Preparatory Refactoring

"Make the change easy, then make the easy change." — Kent Beck

Before adding features, refactor to create a clean insertion point.

Workflow Selection

Read references/workflows.md and select the appropriate workflow:

WorkflowWhen to Use
TDD RefactoringThird step of Red-Green-Refactor
Litter-PickupSmall improvements while passing through
ComprehensionRefactor to understand unfamiliar code
PreparatoryClear the way for a new feature
PlannedDedicated time to address accumulated debt
Long-TermGradual replacement over weeks/months

Phase 1: Analysis (Sub-Agent)

Spawn a sub-agent to detect code smells without cluttering main context.

code
Use the Task tool with:
  subagent_type: general-purpose
  description: "Detect code smells"
  prompt: |
    You are analyzing code for refactoring opportunities using Martin Fowler's taxonomy.

    First, read the code smell reference:
    Read: ~/.claude/skills/refactoring-code/references/code-smells.md

    Then analyze these files:
    - [list files to analyze]

    For each smell found, report:
    1. **Smell Name** with `file:line` reference
    2. **Severity**: critical | high | medium | low
    3. **Evidence**: Brief quote or description
    4. **Suggested Refactoring**: From the catalog

    Group findings by file.
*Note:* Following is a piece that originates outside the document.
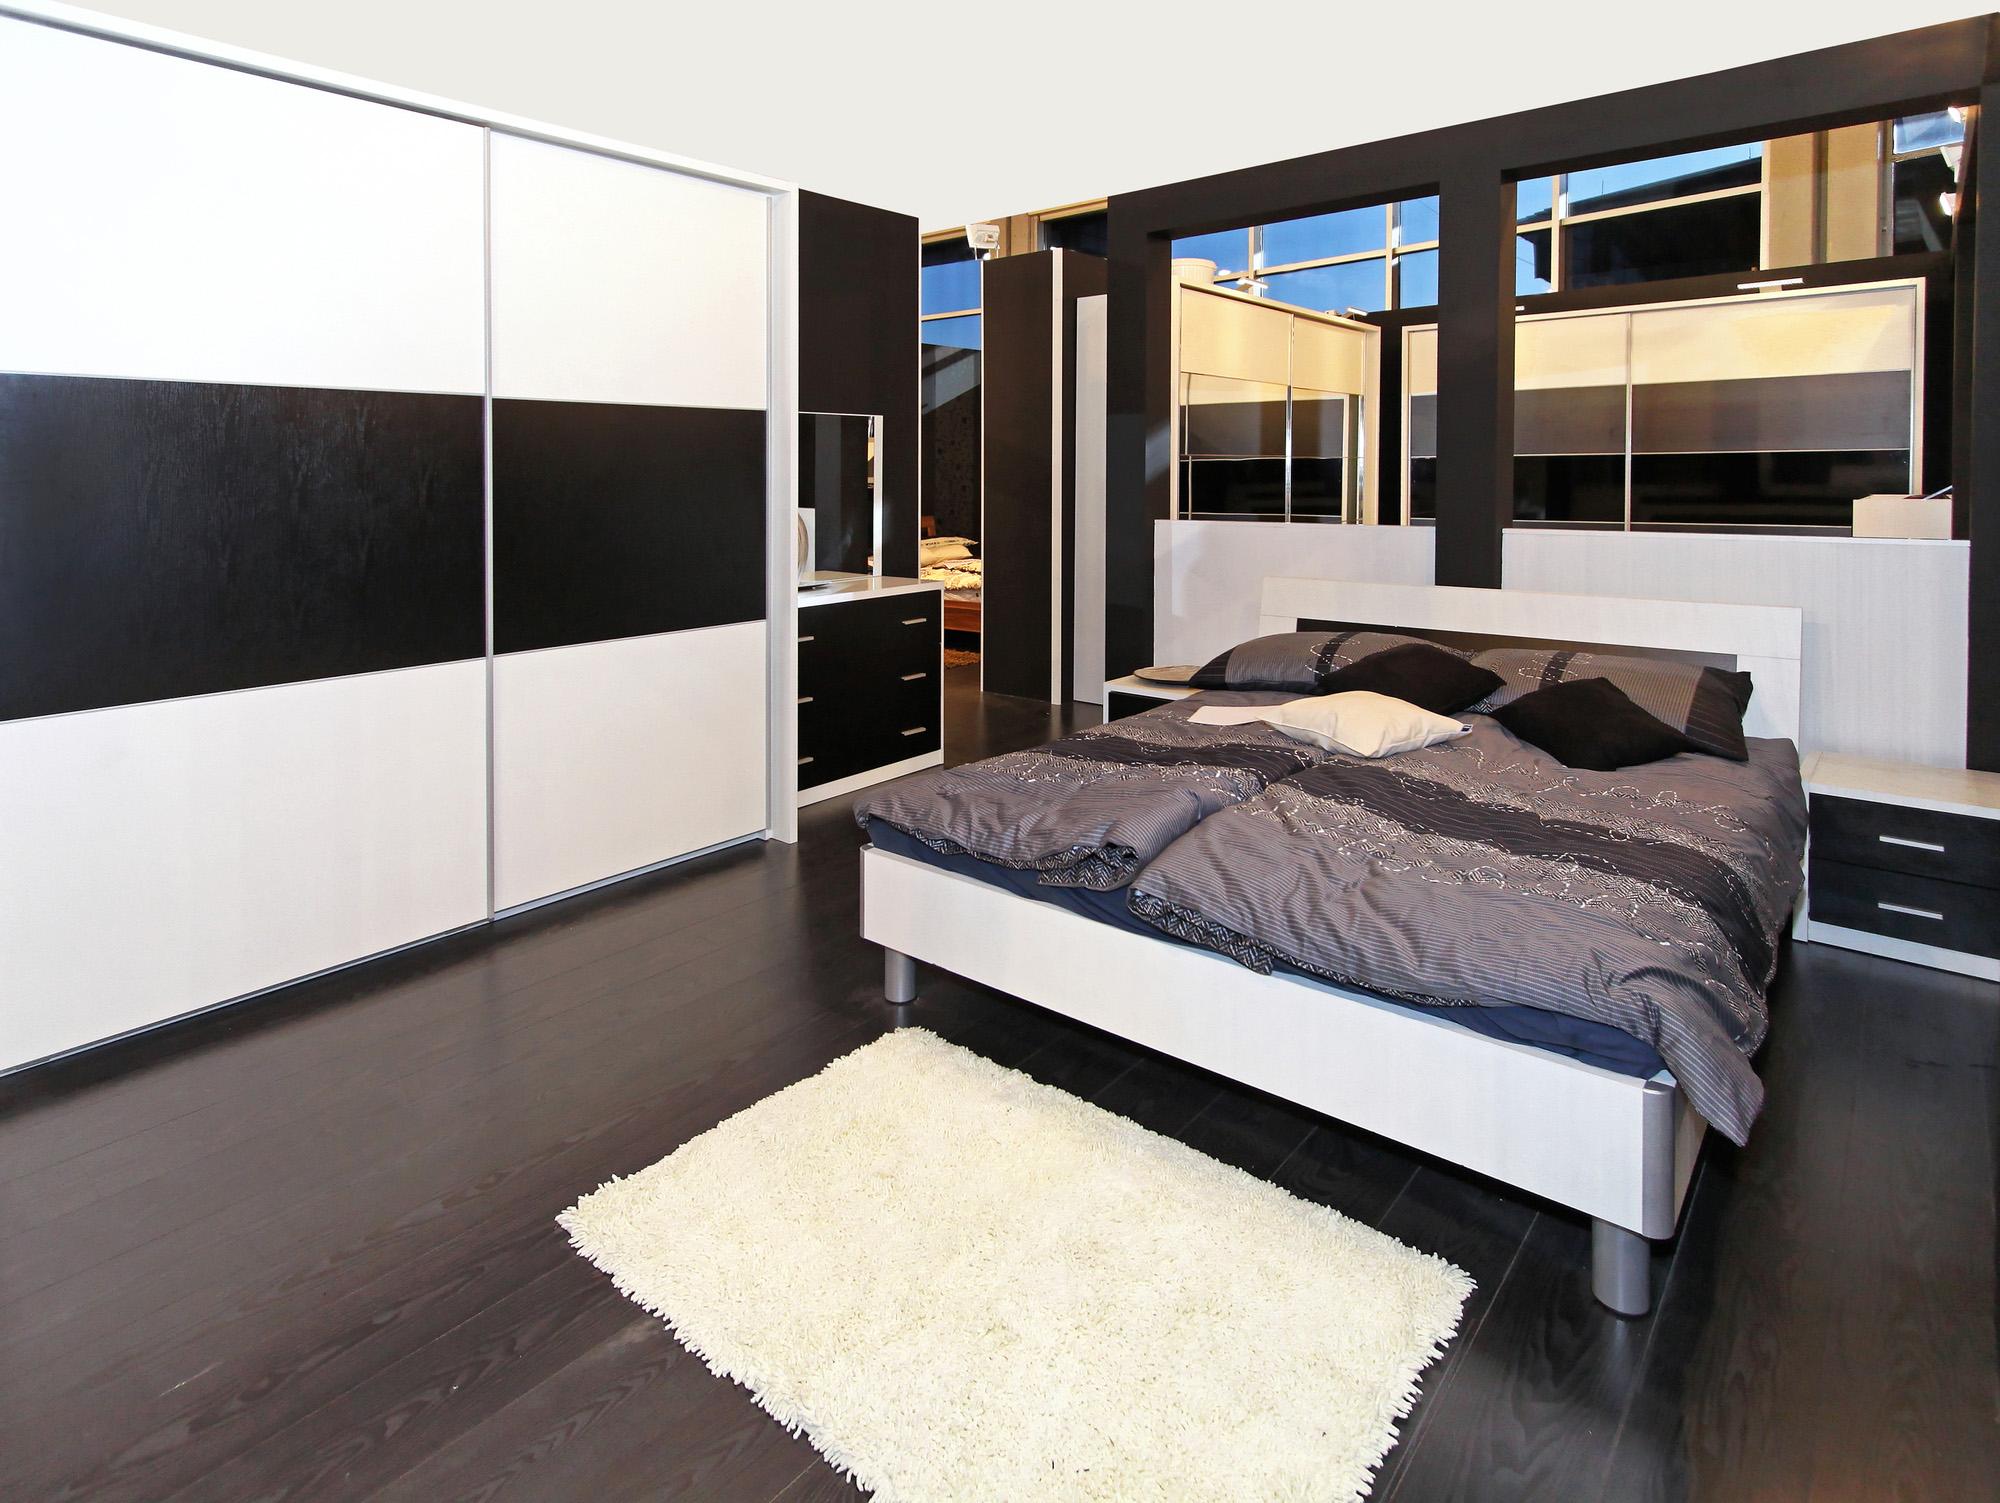 fitted sliding wardrobes, white wardrobe
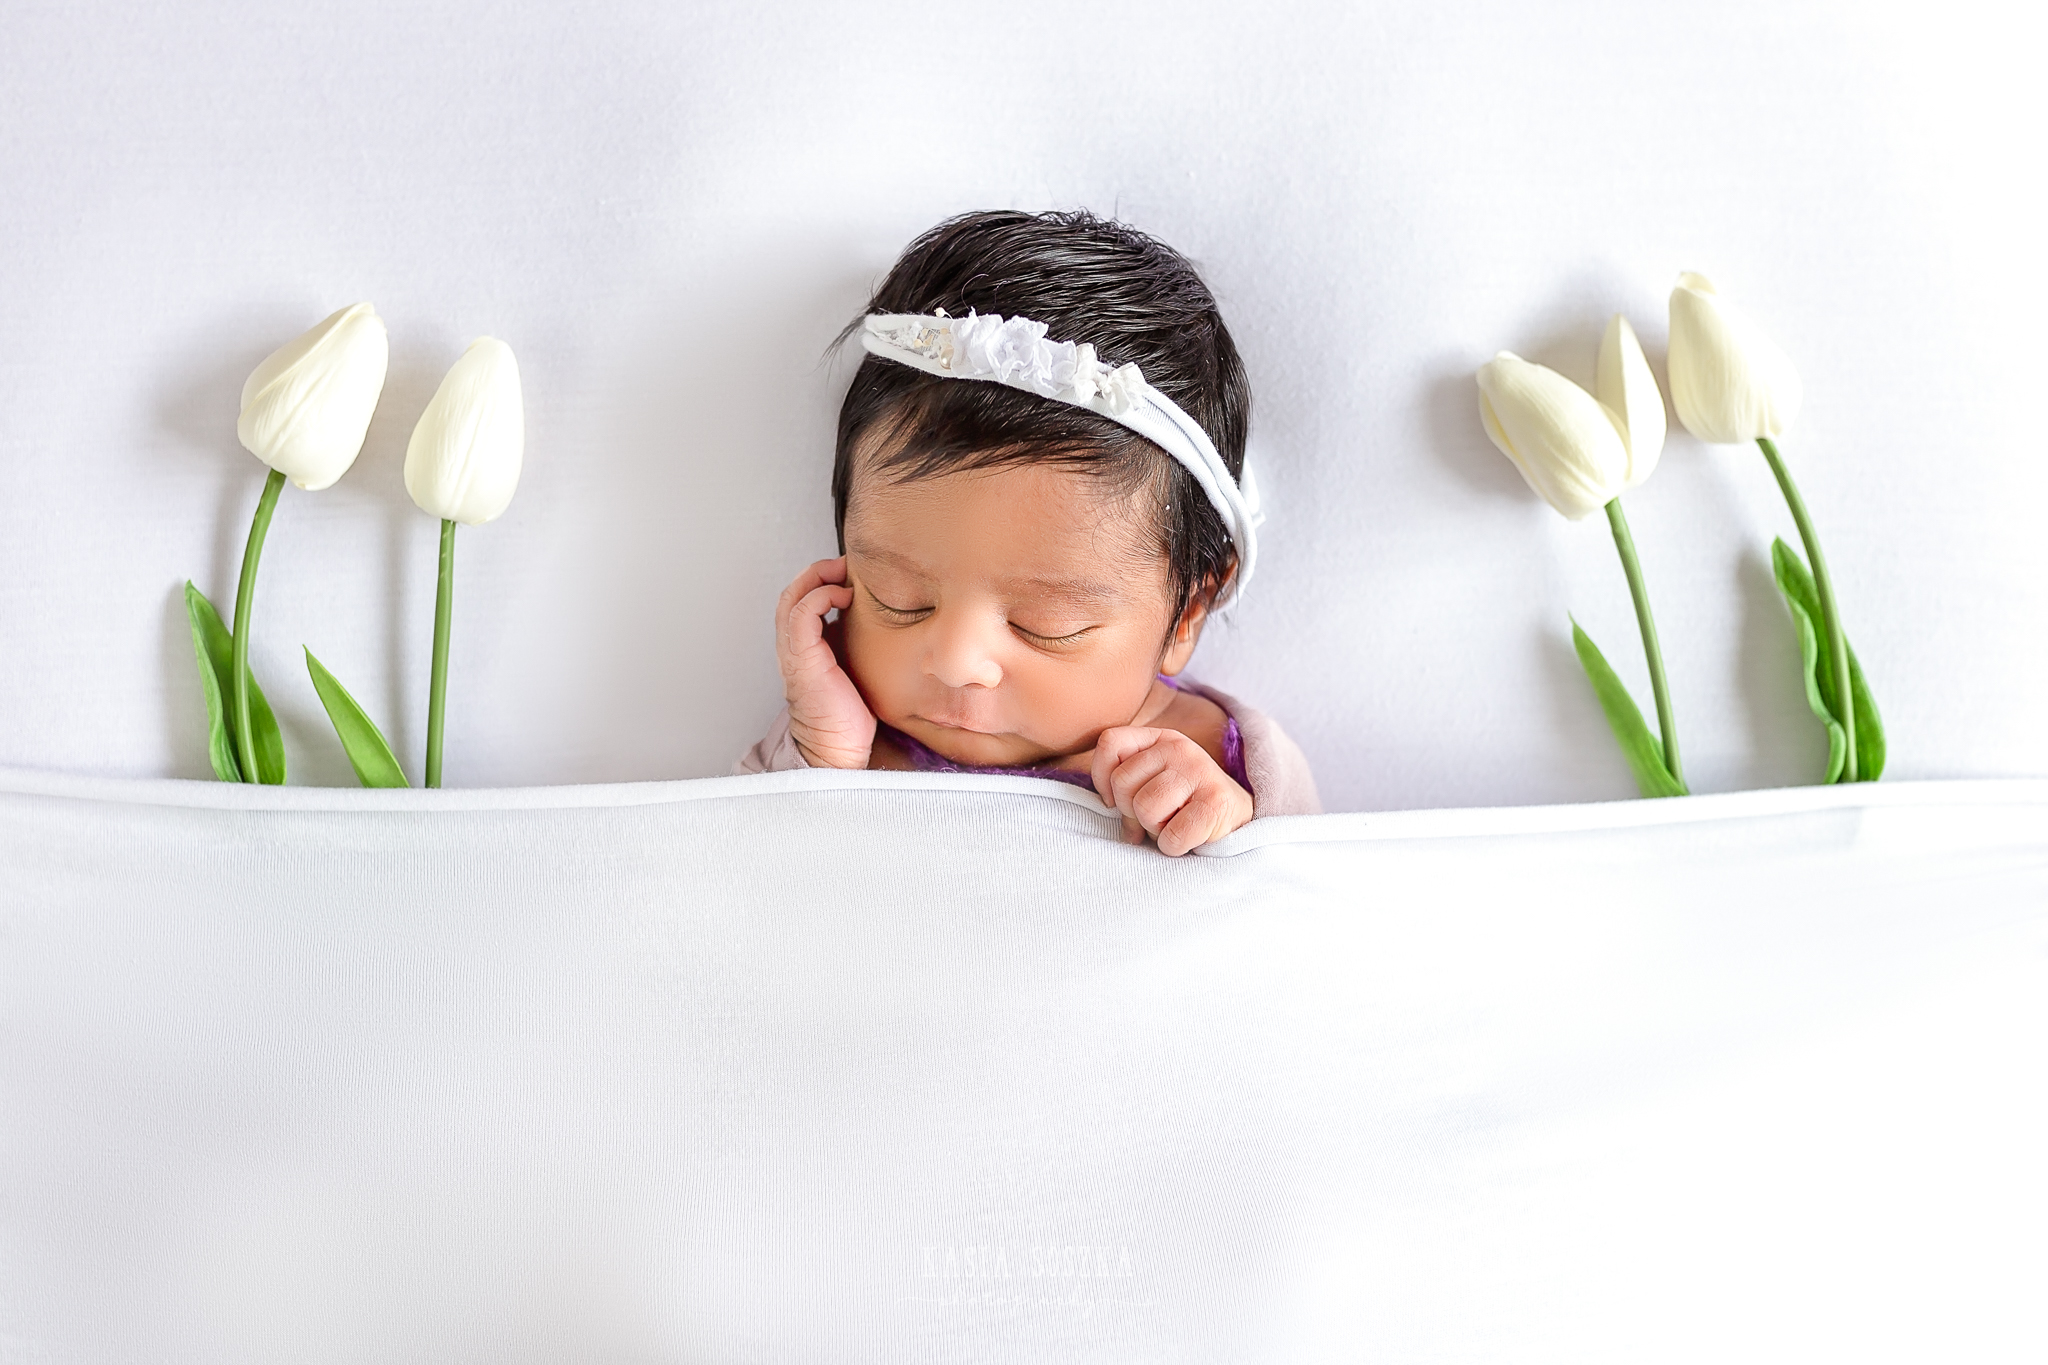 Newborn photography Leeds-Bradford-York-Harrogate: newborn baby girl sleeping in a white bed

Prioritize by severity.
    Be specific—cite line numbers and code snippets.

Phase 2: Decision (Main Context)

Present analysis results and get user decisions:

  1. Summarize findings grouped by severity
  2. Recommend priority based on:
    • Impact on current work (preparatory refactoring)
    • Risk level (prefer safe, mechanical refactorings)
    • Test coverage (higher coverage = lower risk)
  3. Ask user which smells to address

Decision Questions

  • "Which of these would you like to address?"
  • "Do you want to tackle the [critical smell] first?"
  • "Should we do a preparatory refactoring before [upcoming feature]?"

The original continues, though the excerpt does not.